What each case required (what generic regional legal advice could not provide) was deep, jurisdiction-specific understanding of how those frameworks operate in practice: how regulators exercise discretion, how state entities deploy legal leverage, how exchange control approvals are processed, and how standard contractual protections perform under domestic legal and political conditions.
This does not mean that regional strategy is not possible. It means that regional strategy must be supported by jurisdiction-specific legal insight at each point of entry, structuring, and ongoing operation. It requires that local directors, senior in-country advisors, and local counsel are not a concession to administrative necessity, but a material risk-management tool.
Three Questions Every Investor Must Answer Before Entry
Before proceeding with an investment into any African market, three legal questions must be answered. Not in principle, but in documented, jurisdiction-specific, regulatory-tested detail:
- Can we enter this market lawfully and what does lawful entry actually cost, in licensing fees, ownership concessions, and regulatory timeline?

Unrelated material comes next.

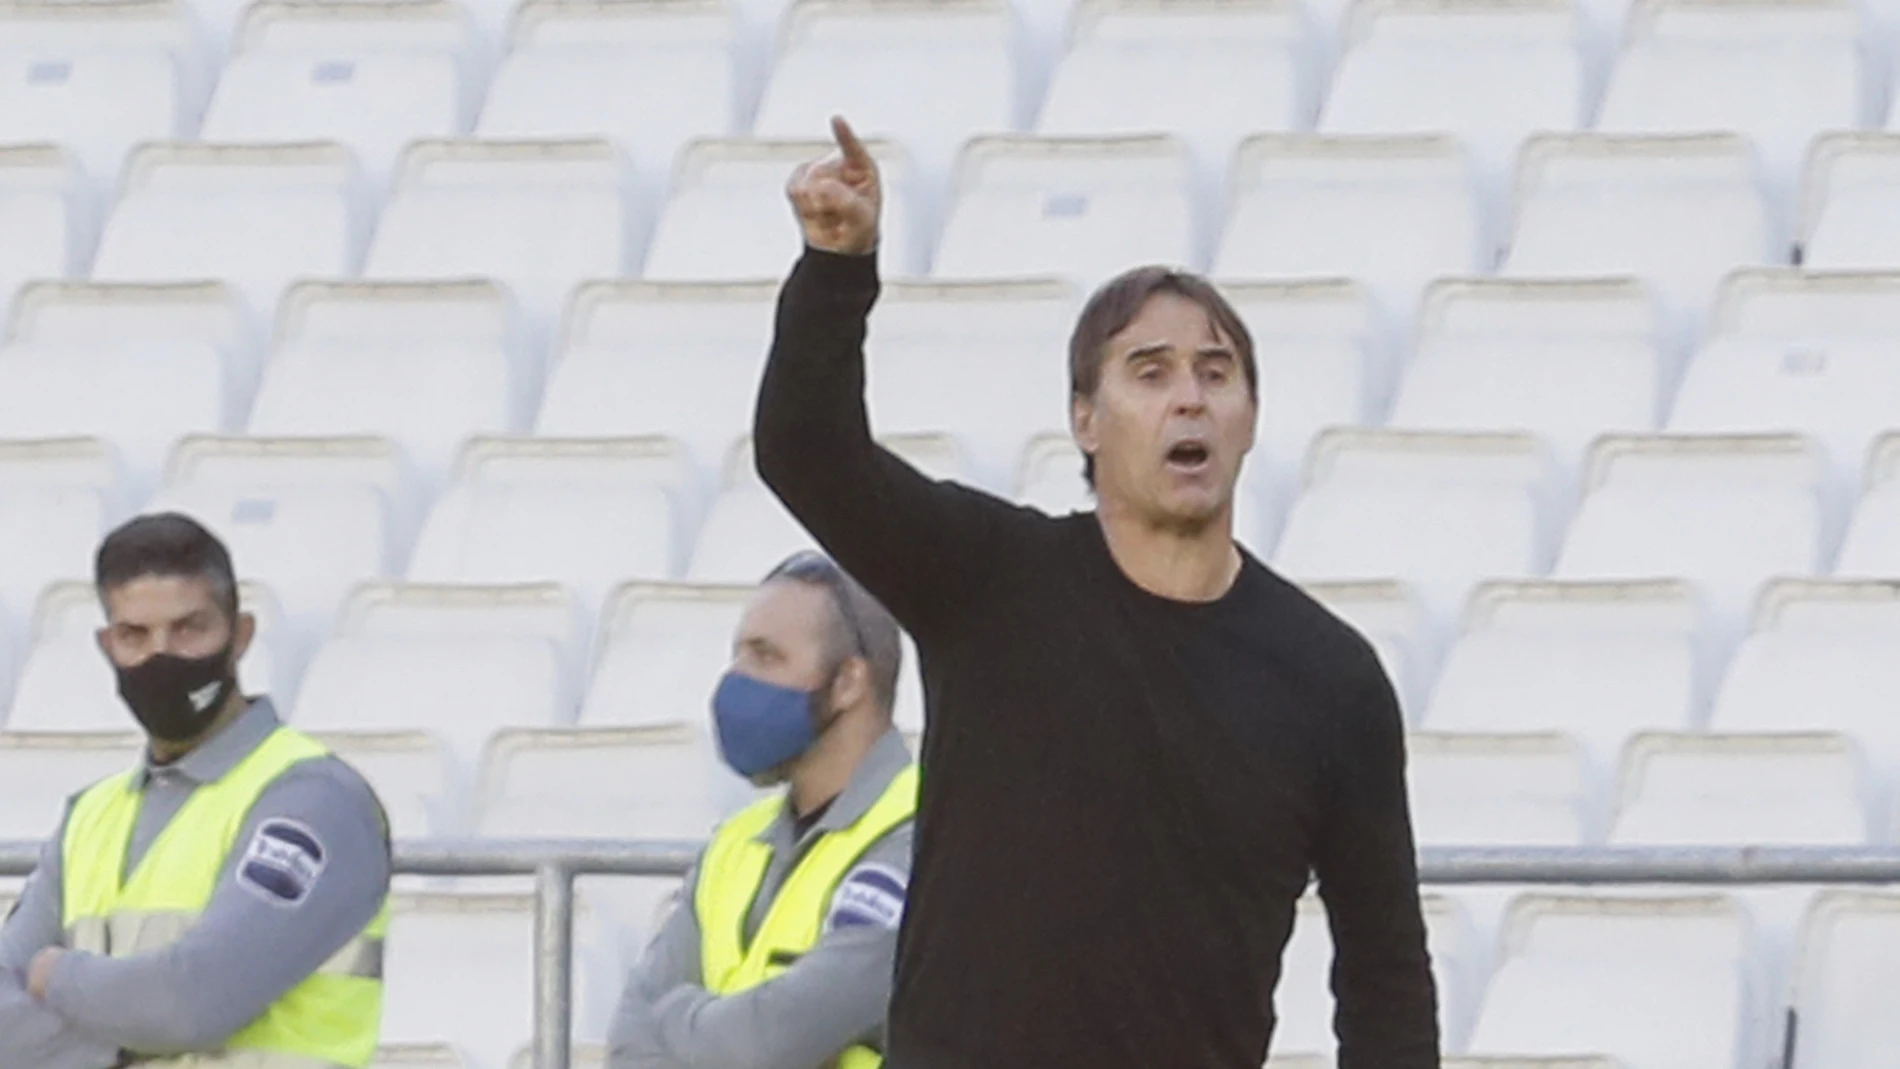 El entrenador del Sevilla Julen Lopetegui. Cómo y quién le prepara la ropa ha sido tema de conversación machista en la Cope

- Can we operate and control the business lawfully and does the regulatory framework for that operation constrain our governance, competitive behaviour, or capital structure in ways we have fully mapped?
- Can we extract value and exit lawfully and have we designed and documented the specific legal mechanics, not merely satisfied ourselves that extraction is permissible in principle?
The legal complexity of African market entry is not a reason to avoid the continent. It is a reason to take the legal architecture of each investment as seriously as the commercial thesis. The cases described in this article involved sophisticated, well-resourced investors with deep African experience. Their losses and delays were not the result of ignorance. They were the result of underestimating the gap between legal principle and legal mechanics in specific jurisdictions.
That gap is precisely where local legal expertise operates. And it is precisely why Africa, as a legal matter, remains not one market, but fifty-four.
Shaun Jacobs
Director – Jacobs Potgieter Incorporated.